Literature DB >> 7453447

Extended hemilaryngectomy for T3 glottic carcinoma with preservation of speech and swallowing.

B W Pearson, R D Woods, D E Hartman.   

Abstract

Total laryngectomy is often applied in the treatment of invasive squamous cell carcinomas that fix one side of the larynx. The major drawback, of course, is loss of the voice. In many instances, however, preservation of the uninvolved portion of the larynx is compatible with adequate tumor margins, and the preserved laryngeal remnant, although it cannot be reconstituted to allow breathing, can readily be used for voice. The principle involved is the creation of a valved tracheopharyngeal shunt, which functions as a neoglottis during expiration but constricts to close during swallowing. To accomplish this the recurrent laryngeal nerve and the myomucosal segment of intrinsic glottic musculature to which it is attached is preserved on the uninvolved side. The myomucosal segment is formed into a mucosal lined tube by releasing the soft tissues from the cartilage. The diameter and flaccidity of the tube is augmented by incorporating a flap of hypopharyngeal mucosa. Safe performance of this operation depends on careful preoperative evaluation and laryngoscopic verification and a close-working relationship with an interested surgical pathologist. The first 7 consecutive cases in which this management program has been applied are presented in review. The patients, ranging in age from 58 to 69 years old, had T3 grade 2 or 3 invasive squamous cell carcinoma.
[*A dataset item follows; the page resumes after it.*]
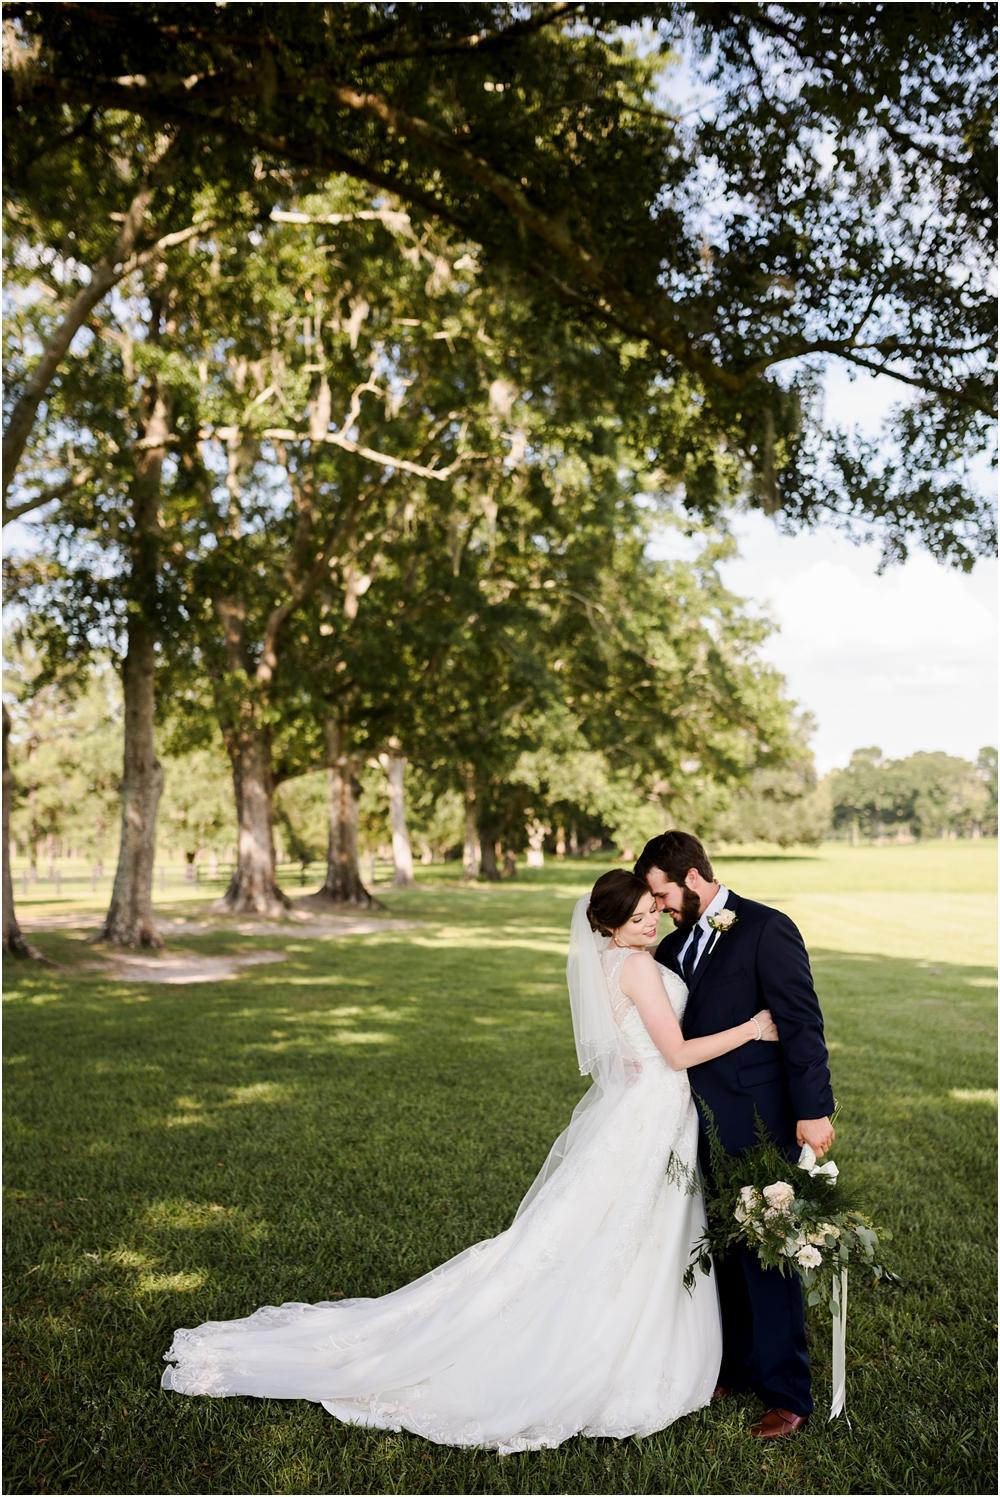 marianna-florida-wedding-photographer-kiersten-grant-67.jpg
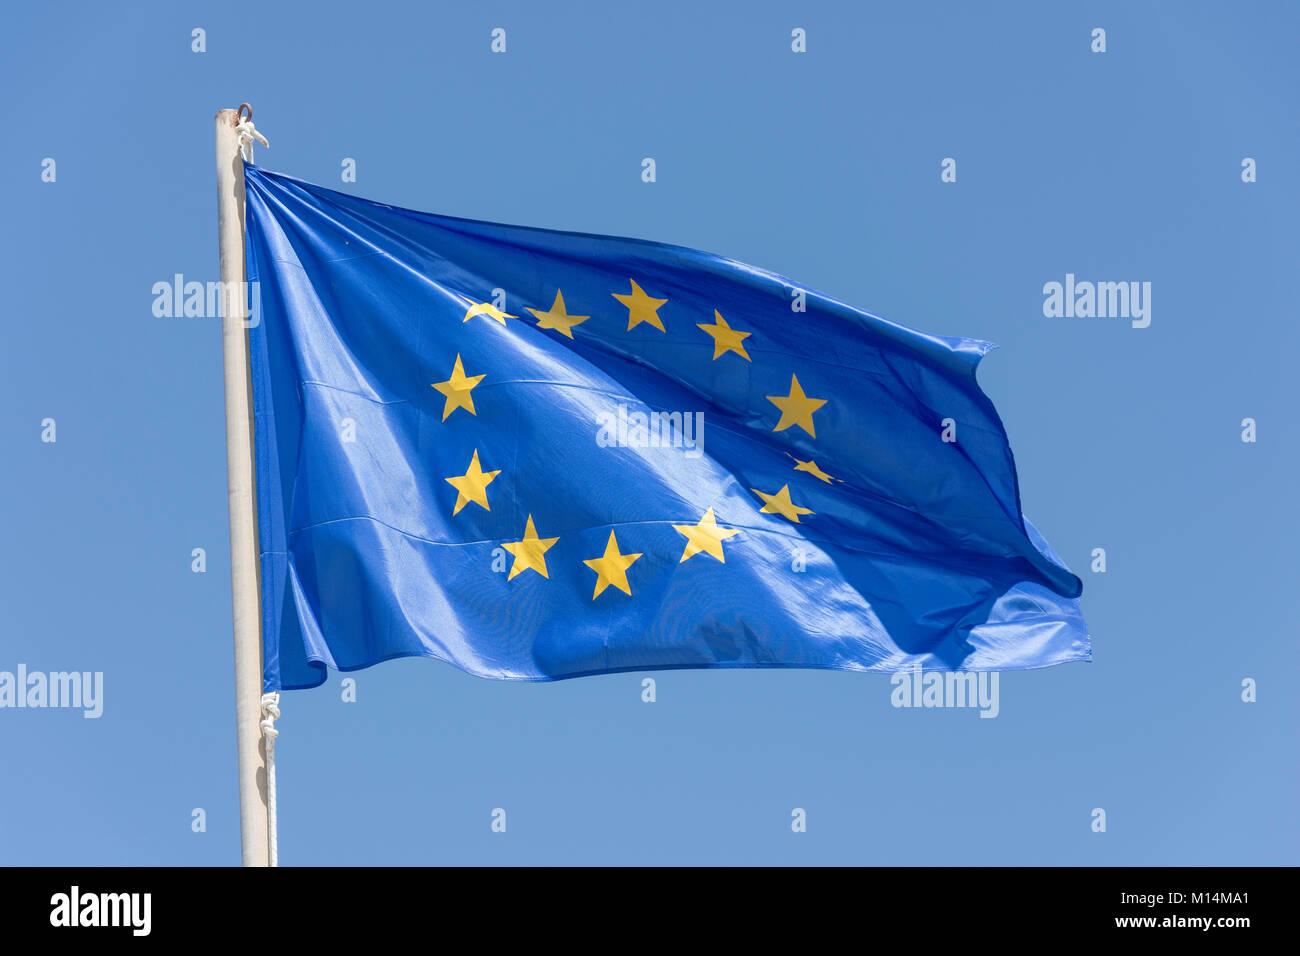 European Union flag (Flag of Europe), Ikarus Beach, Ikarus Beach, Rethymnon (Rethimno), Rethimno Region, Crete (Kriti), - Stock Image

The average hospitalization was 13 days. The longest follow-up is 5 years. Clear surgical margins, local control of the disease, and satisfactory voice without significant aspiration have been achieved thus far in each case. The average subglottic pressures measured at the tracheotomy were 25 +/- 6 cm. of water (threshold opening) and 43 +/- 20 cm. of water (for phonation). Whether these encouraging initial results can be widely duplicated will probably depend on the care with which cases are selected. The dangers of applying this surgery to patients with extensive submucosal spread will be obvious to experienced laryngologists.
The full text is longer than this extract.